Political science is the cheez whiz of sciences, in that it does not contain any of the substance it is named after. Also: no, Jean. No one opposed to the current occupier of the White House thinks his voters are all yokels. We know they’re mostly suburban white people and the elderly. Both the moderately and staggeringly wealthy votes also went to Human Diarrhea, but there’s not that many of them.
And that’s why it’s so frightening, Jean. Not that backwoods snake-handlers backed him, but the couple next door. People who hold jobs, raise families, successfully manage their alcohol problems. John Q. Public and Sally J. Mainstreet. A guy I know called them the volk. These fine citizens, competent in all other walks of life, chose idiocy, corruption, racism, soulless anger, and rank fuckery–all of this was on film, mind you–over four more years of milquetoast centrism and continued foreign wars.

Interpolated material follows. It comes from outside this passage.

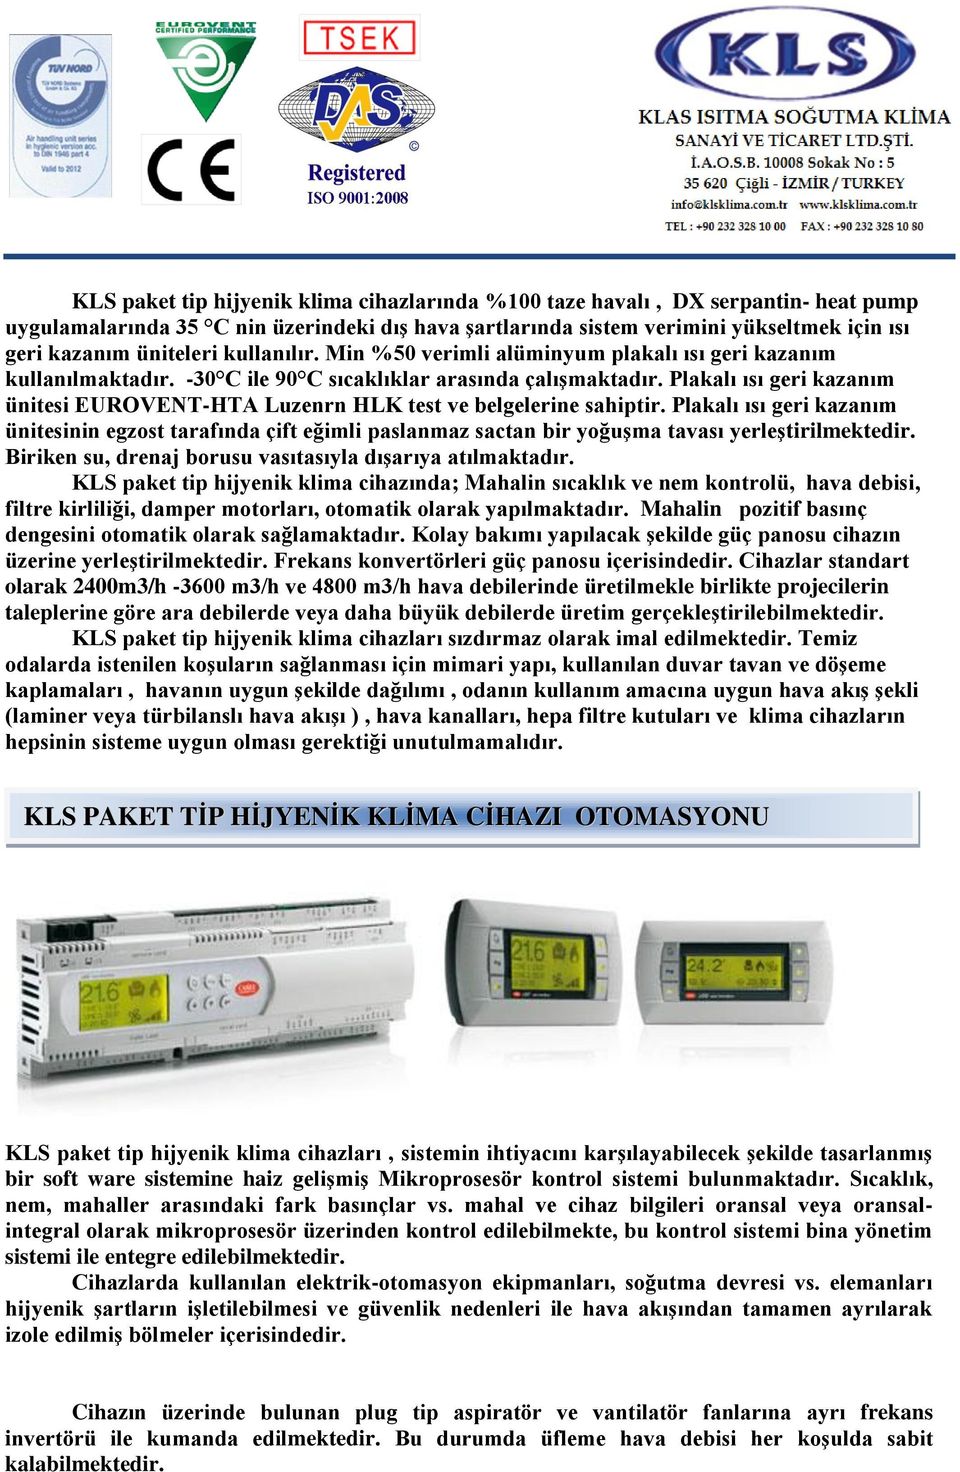 Plakalı ısı geri kazanım ünitesi EUROVENT-HTA Luzenrn HLK test ve belgelerine sahiptir.
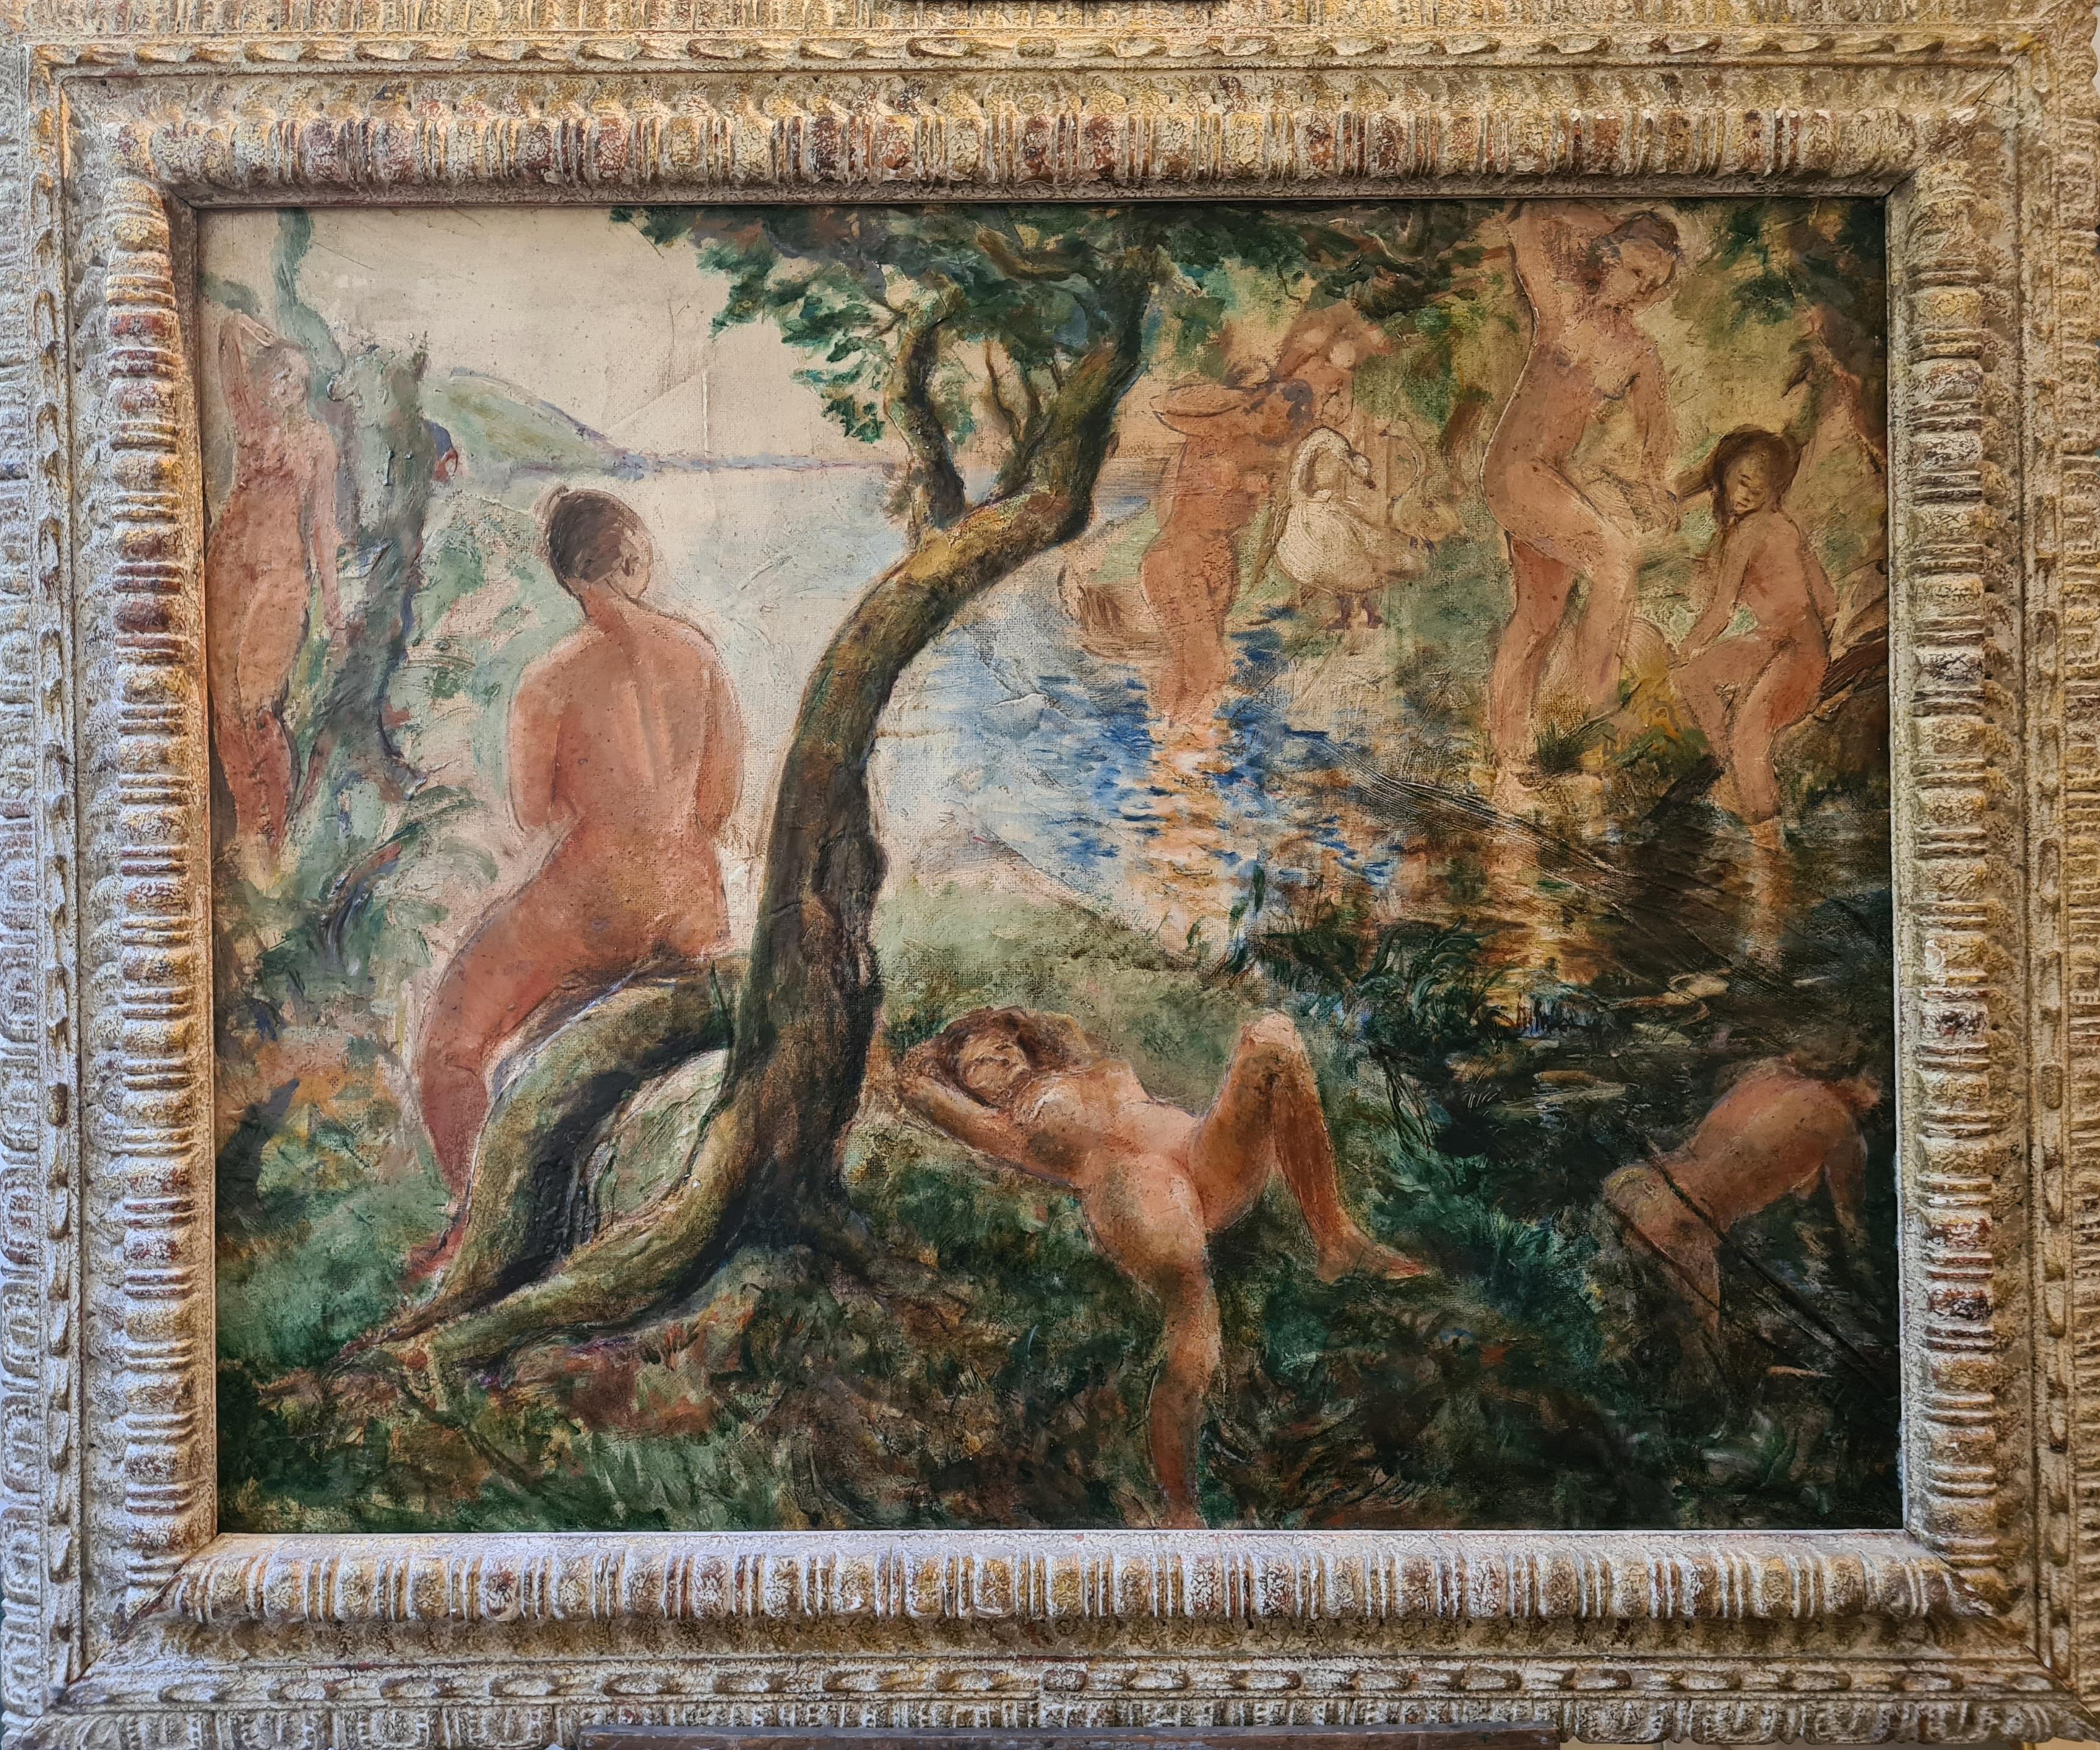 Unknown Nude Painting - Impressionist Large Scale Female Nudes in a Landscape, 'L' été a la rivière'

And now, almost a year into this embarrassing fiasco, with at least one cock-up a week that would have sunk any decent man (because decent man are held to the standards of decent men), with the CVS receipt of a list of putrid leaches he’s installed into power, with the Twitter fights and the nicknames and the Nazi-lovin’ and the covfefe and the Mooch and the golfing and the lies, all the lies, all the motherfucking lies pouring from his asshole of a mouth like rice-shits from a choleric, even after all that: 30% of the country still thinks he’s doing a spiffy job.
That’s what’s extraordinary, Jean. Go mutter “Gorsuch” to yourself while you masturbate.
I thought you were being shitty to Frank Bruni.
Oh, right. Got sidetracked by that lady I didn’t know existed but hate now.
You’re the voice of our times.
I know. This is how Frank ends the column; it’s not really a conclusion, just the part where he stopped typing.
I’m not suggesting that colleges normalize Trump, validate everyone who backed him or make room for the viciously bigoted sentiments he often stoked. But there’s inquisitive, constructive territory short of that.
And colleges should be places where we learn to persuade people not to take paths that we consider dangerous instead of simply gaping and yelling at them. That requires putting them and their ideas into the mix. Too many schools are flunking that assignment.
Where would that inquisitive, constructive territory be? Is it the territory where John Kelly thinks the North and South should have compromised on slavery?
O, pity the poor and pallid partisan! That red-hatted loner over in the corner. He’s got ideas to contribute, and he wants to be your friend unless you’re black. (He will make an exception if you’re one of the good ones.) Let us visit them in their diners and coffee shops, for they are the Real America and we are not Hearing Them. These bedraggled wrecks with nothing to their names but control of all three branches of government, most of the wealth, and demographic majorities: they’re being oppressed. Let us hear their ideas, which they will tell us as soon as Breitbart tells Fox to tell Trump to tweet at them. We, as liberals, must keep an open mind, but not progress to the next logical step in having an open mind, which is deciding whether the idea that just entered said mind is bugfuck dumb or not.
I’ve said it before: the bullets will come from the right, but the left will lead us to the brick wall and ask if the blindfold’s too tight.